Information supplied ::
....

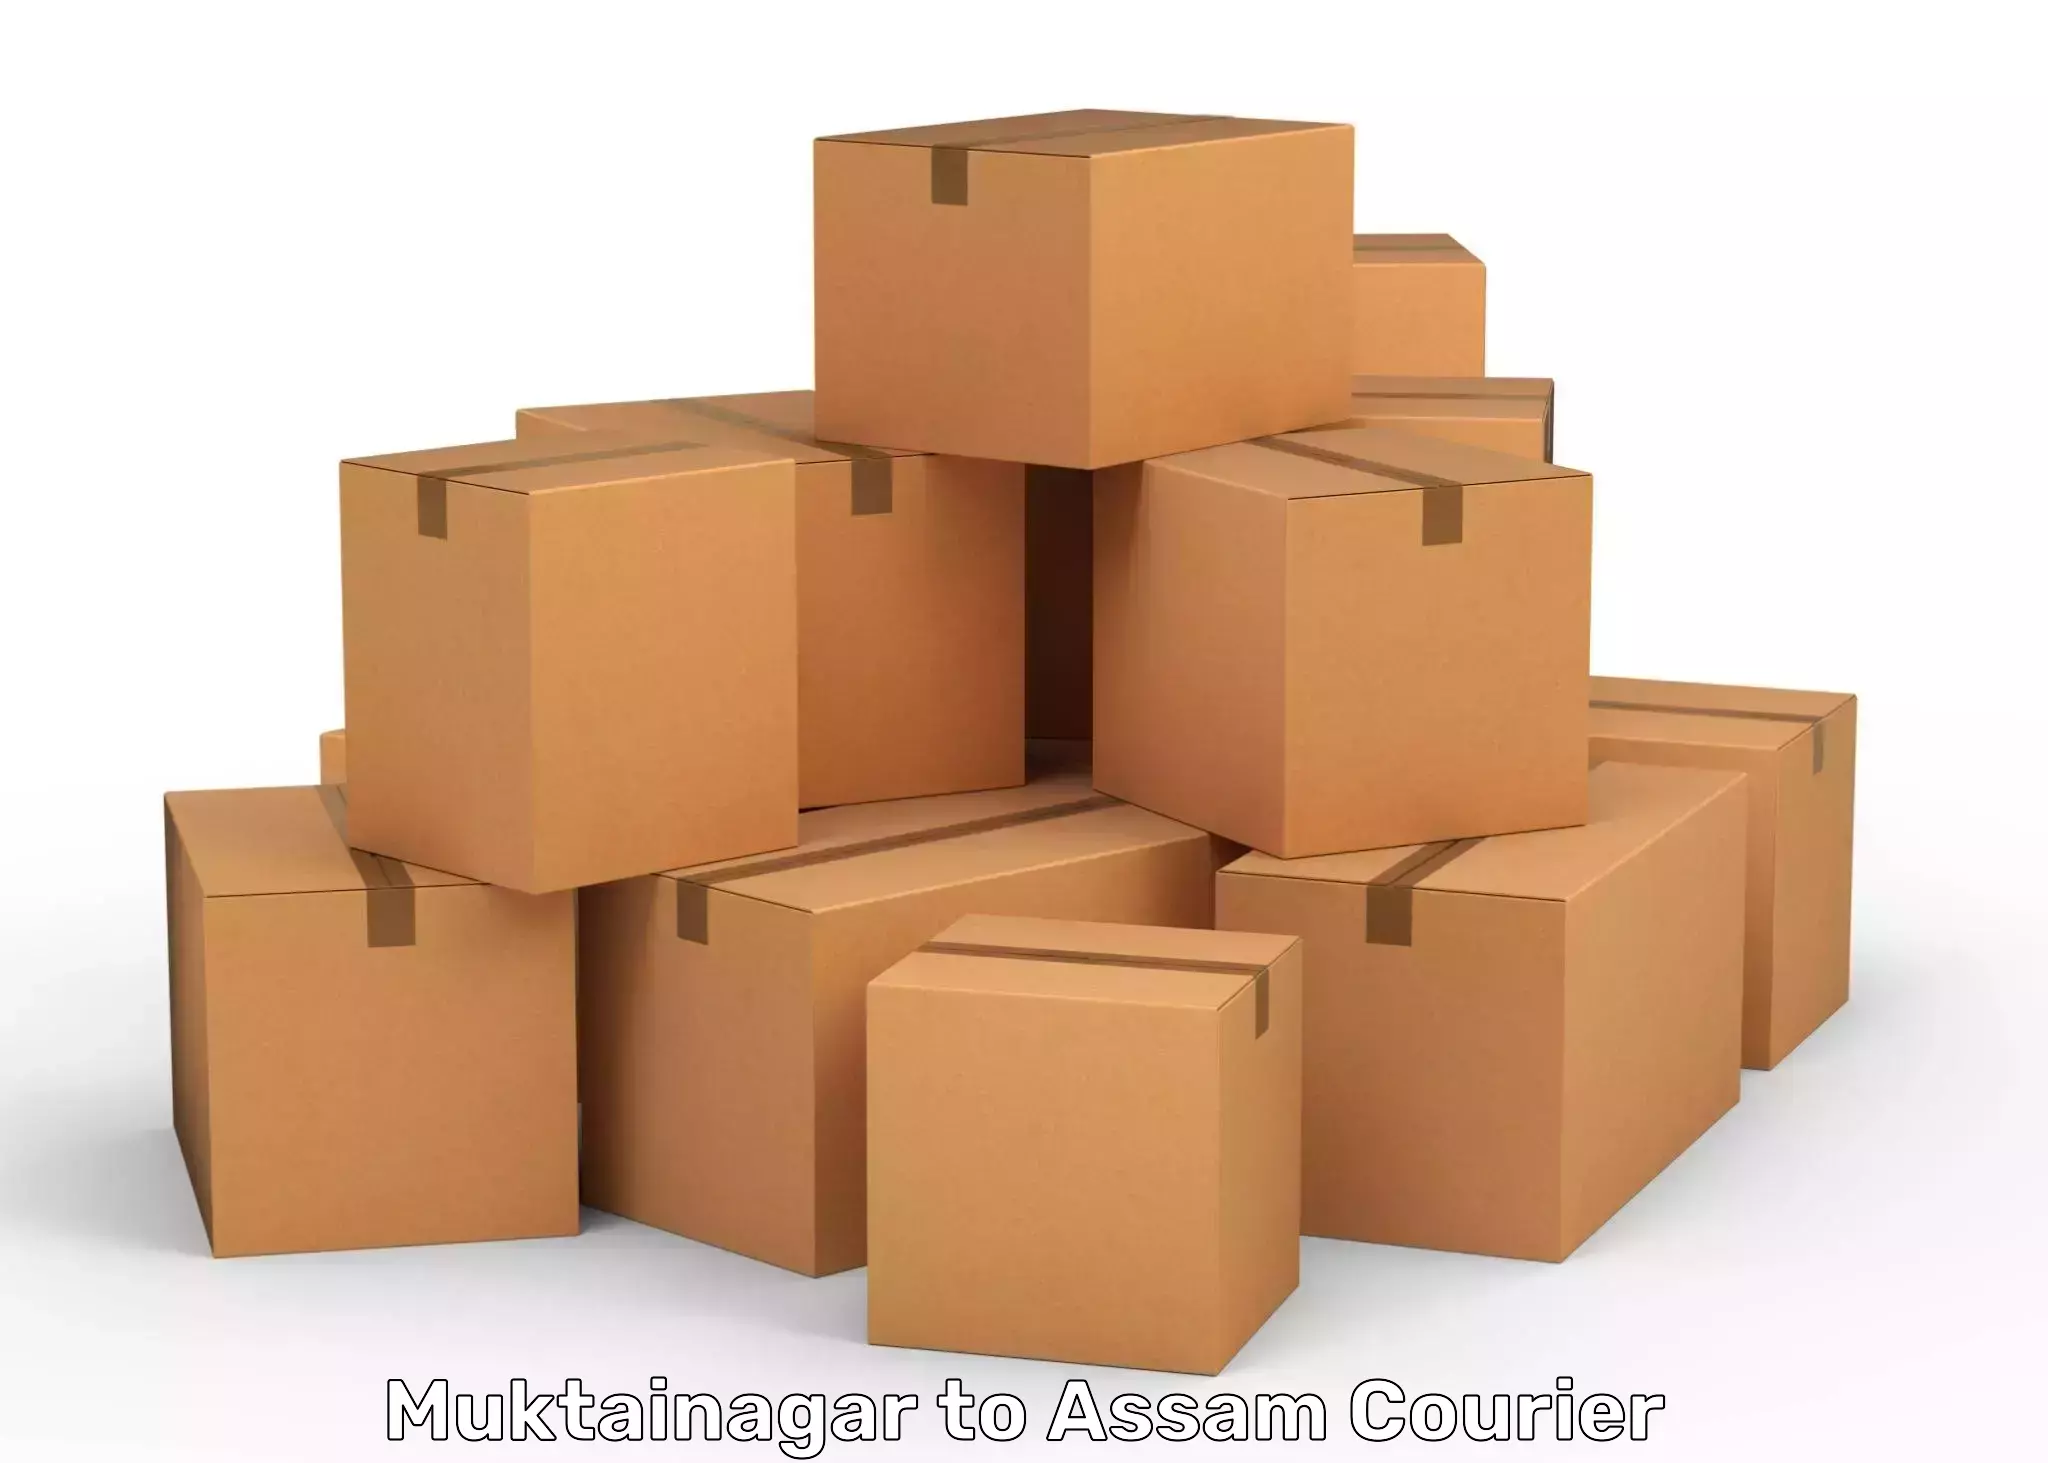 Pharmaceutical courier Muktainagar to Udharbond
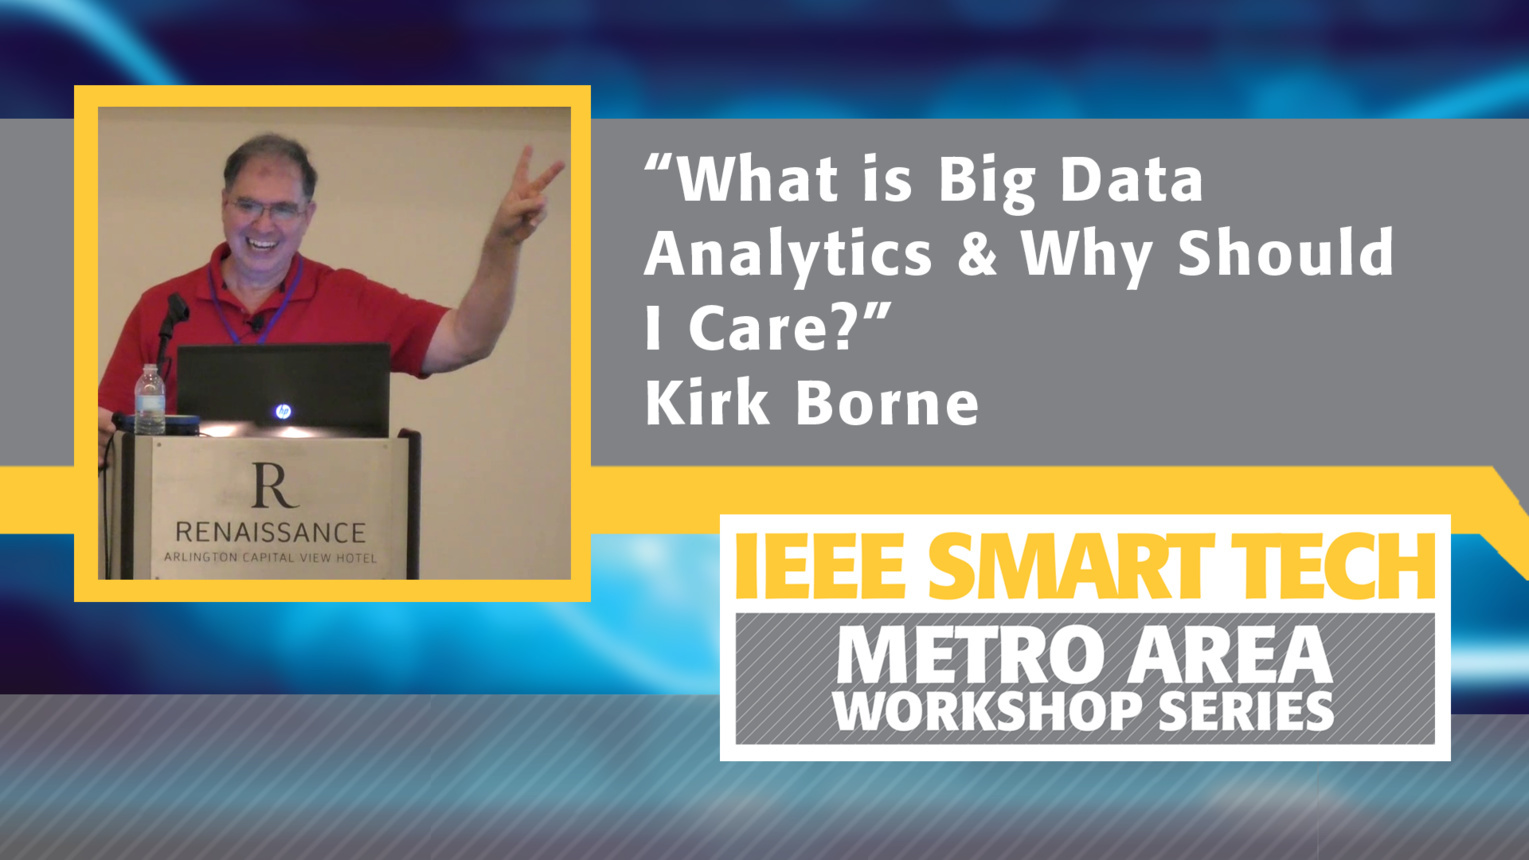 "What is Big Data Analytics and Why Should I Care?" - Big Data Analytics Tutorial Part 1
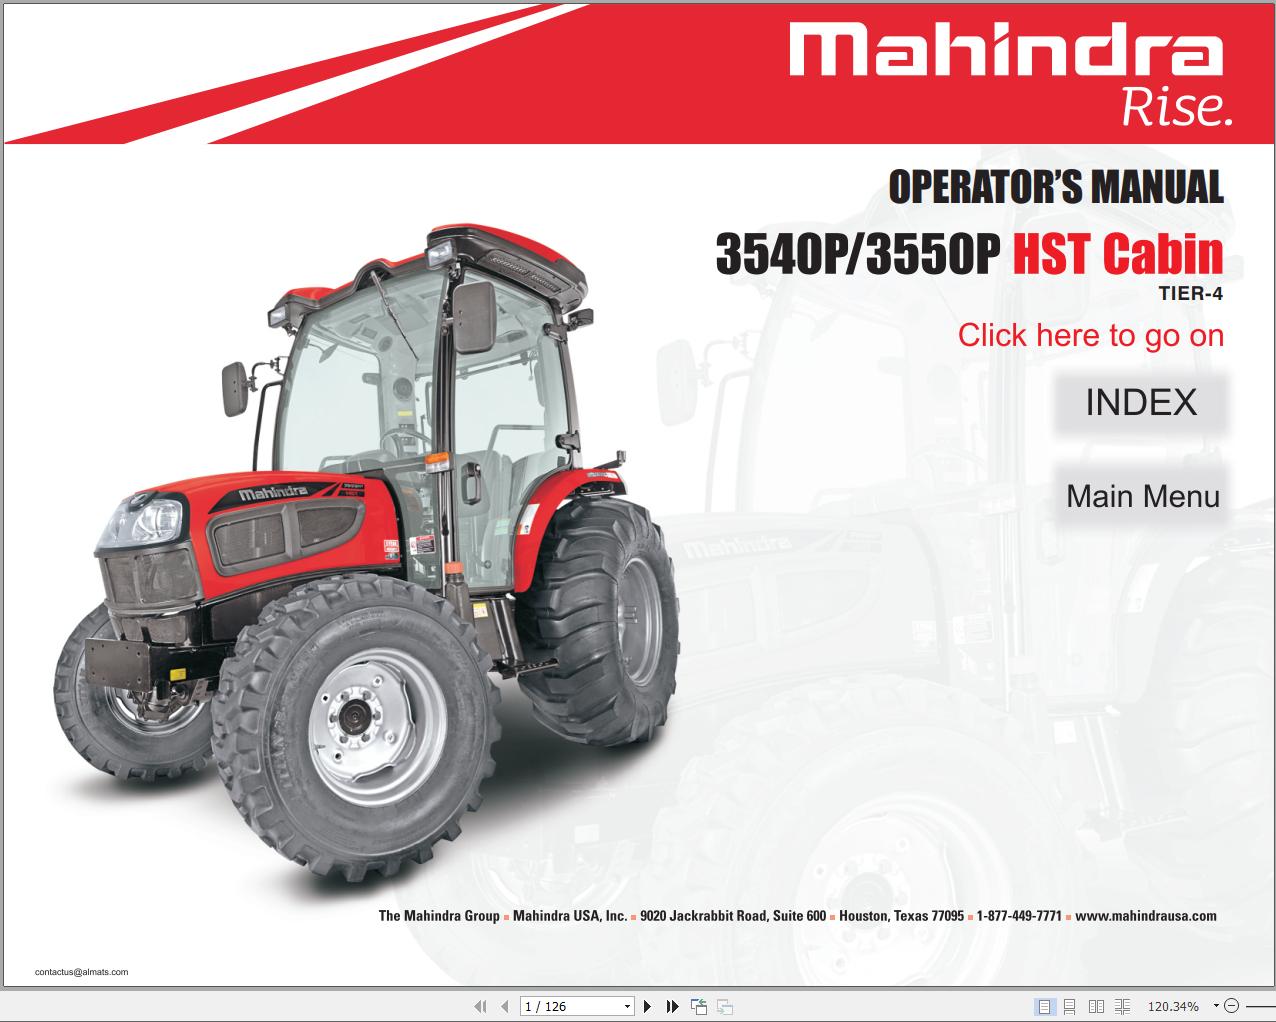 Mahindra Tractor 3540 3550 HST CABIN Full Operator Manual Fast Download

....

About this task ::
Leave out the images and repeat the rest of the data word for word.

Response box ::
 Pharmaceutical courier Muktainagar to Udharbond
 "What is Big Data Analytics and Why Should I Care?" - Big Data Analytics Tutorial Part 1
 Mahindra Tractor 3540 3550 HST CABIN Full Operator Manual Fast Download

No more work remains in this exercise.